The Devil’s Hideout (2022)

Rating: C

Dir: Marc Carreté
Star: Joan Frank Charansonnet, Patrícia Bargalló, Miquel Sitjar, Joan Massotkleiner
a.k.a. Lagunas, la guarida del diablo

It’s safe to say the reputation of Josué (Charansonnet) around the small rural town where he lives, is mixed, to put it mildly. He hasn’t been dealt the best of hands, now being the only caretaker of his mentally-ill brother, who lives with Josué in the large, run-down house inherited from their parents. He runs the local shop, similarly passed down to him, but his customers are few, and friends even fewer. The closest is the local prostitute, Abigail (Bargalló), who plies her trade by the station. It’s all very clearly wearing on Josué, both physically and mentally, and the brother’s increasing violent tendencies push things to, then past, a breaking point.

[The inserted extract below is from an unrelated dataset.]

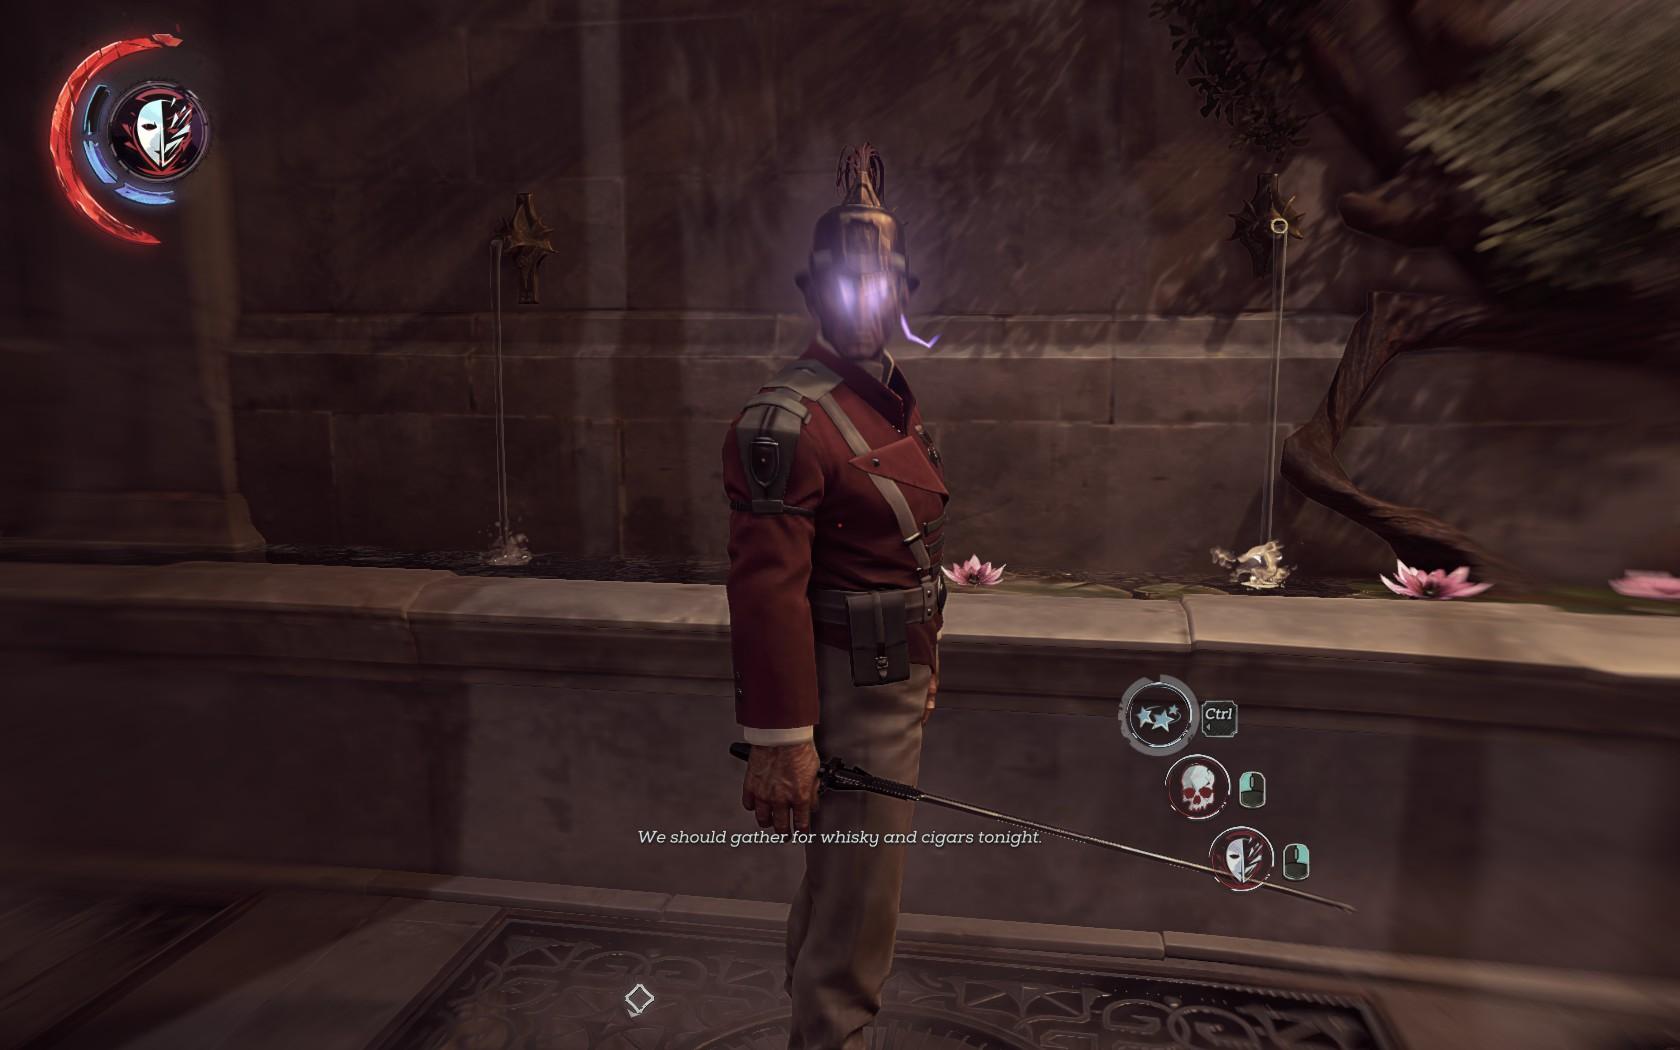 Dishonored: Death of the Outsider - nový díl s novou hrdinkou 150005

What stands out here is the casting of, and performance by, Charansonnet. He looks almost at death’s door, from the first time we see him, a man ground down by life’s burdens to a mere shell of a man. If you told me he developed chronic anaemia like his character, as part of some twisted version of method approach to the role, I’d believe you. It is horrific to watch a person who is shuffling through life, little more than a zombie, yet there is a certain poignancy to Josué as well. You feel there is a good man in there somewhere, even if the merest shadow remains, and his strong religious faith is one of the few aspects of his humanity still present. 

The problem is, the rest of the film appears to be operating in a different dimension. It’s a small cast, and none of the other performers come over as more than single-sentence tropes. The tart with a heart. The kindly yet ineffectual man of the cloth. The nosey neighbour. To keep the film balanced, it needs an opposing force of similar strength, to push against Josué. Either because or in spite of this imbalance (and I’m unsure which), he ends up operating as both the film’s hero and its villain. That is an almost impossible trick to pull off, and despite Charansonnet’s valiant efforts, he’s not able to do so. 

The other issue is the plot. It drops the ball badly in the final act, going in a more direct and less psychological direction, one which feels at odds with most of what we have seen to that point. The fact we did not get to see Josué’s brother, only hearing his demented yelling, led to… certain inescapable conclusions, shall we say. That the movie chose a different direction is laudable. That the makers chose one apparently borrowing elements from a third-tier Evil Dead knock-off, is rather less praiseworthy. I can’t quite identify the precise moment at which the film jumped the shark, yet by the time the credits roll, I had a feeling this might have happened. Given an incredibly strong first half-hour, it’s a shame it was unable to build on the solid foundation and Charansonnet’s portrayal.